I am designing the lighting system for 3 major office buildings. Around the building and in some balconies, the architect will specify some green areas and small gardens. The architect is suggesting to install some uplight along the garden, in some cases under small trees and others just in the grass. As far as I understand, uplight under the tree can be considered "landscape lighting" and therefore is exempt from light pollution requirements. Right?
My doubt is for the remaing areas, where luminaires are installed in the grass. Is this lighting also exempt?
Please note that there is more external lighting in the project, but all that is complying with requirements.
Bill Swanson
Sr.
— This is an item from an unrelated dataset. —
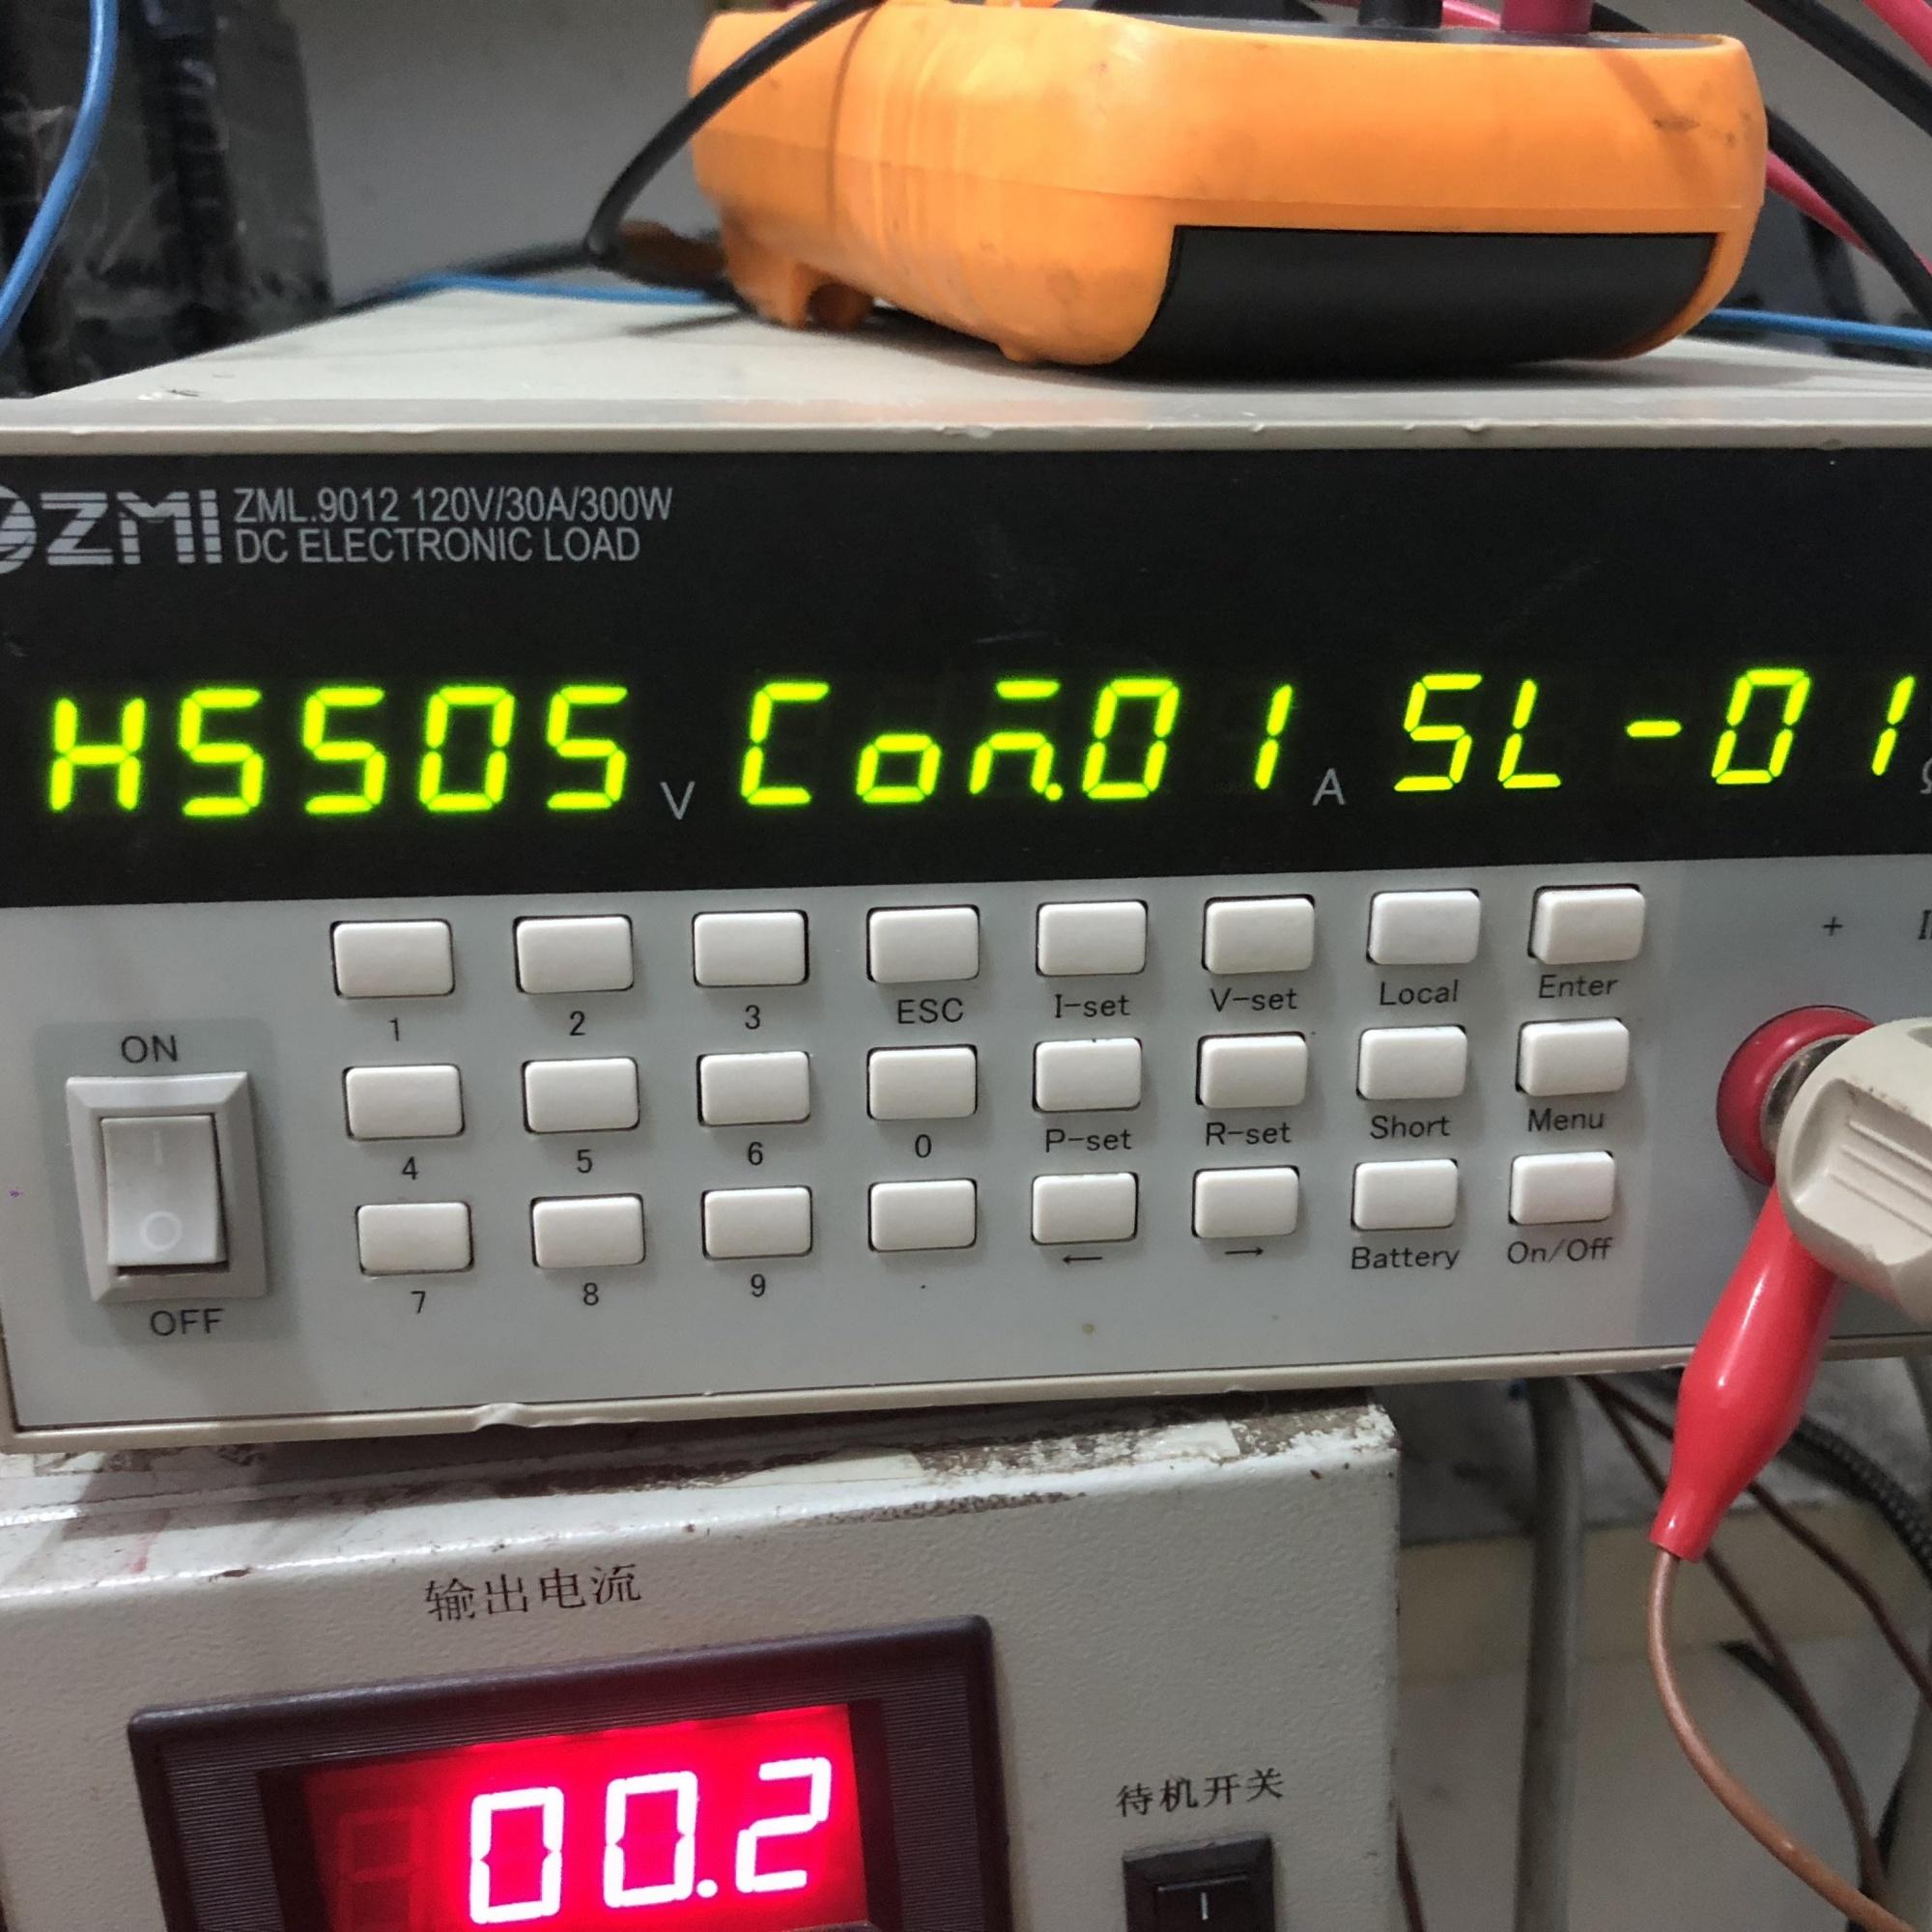 请问ZML 9012电子负载怎么测量电池容量?

Electrical EngineerIntegrated Design Solutions
LEEDuser Expert
734 thumbs up
March 9, 2018 - 4:40 pm
A few things.
1. The wattage for all of this lighting still needs to be counted. The exemption only applies to uplight and light trespass requirements.
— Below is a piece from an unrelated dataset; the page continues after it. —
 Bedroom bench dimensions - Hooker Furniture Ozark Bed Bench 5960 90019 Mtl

2. The landscape lighting must be controlled separately from non-exempt lighting. It is only exempt in LZ3 & LZ4. And it must automatically turn off between midnight and 6am. No local override for the balconies.
3. There are many things that are a judgement call. I'm hesitant to call lighting in grass as "landscape lighting". But there is no firm rule that defines what is landscape lighting. If challenged by a Reviewer, how good of an argument can be made to defend this position? I don't like the lack of clarity between LZ2 and LZ3. It just comes down to a judgement call.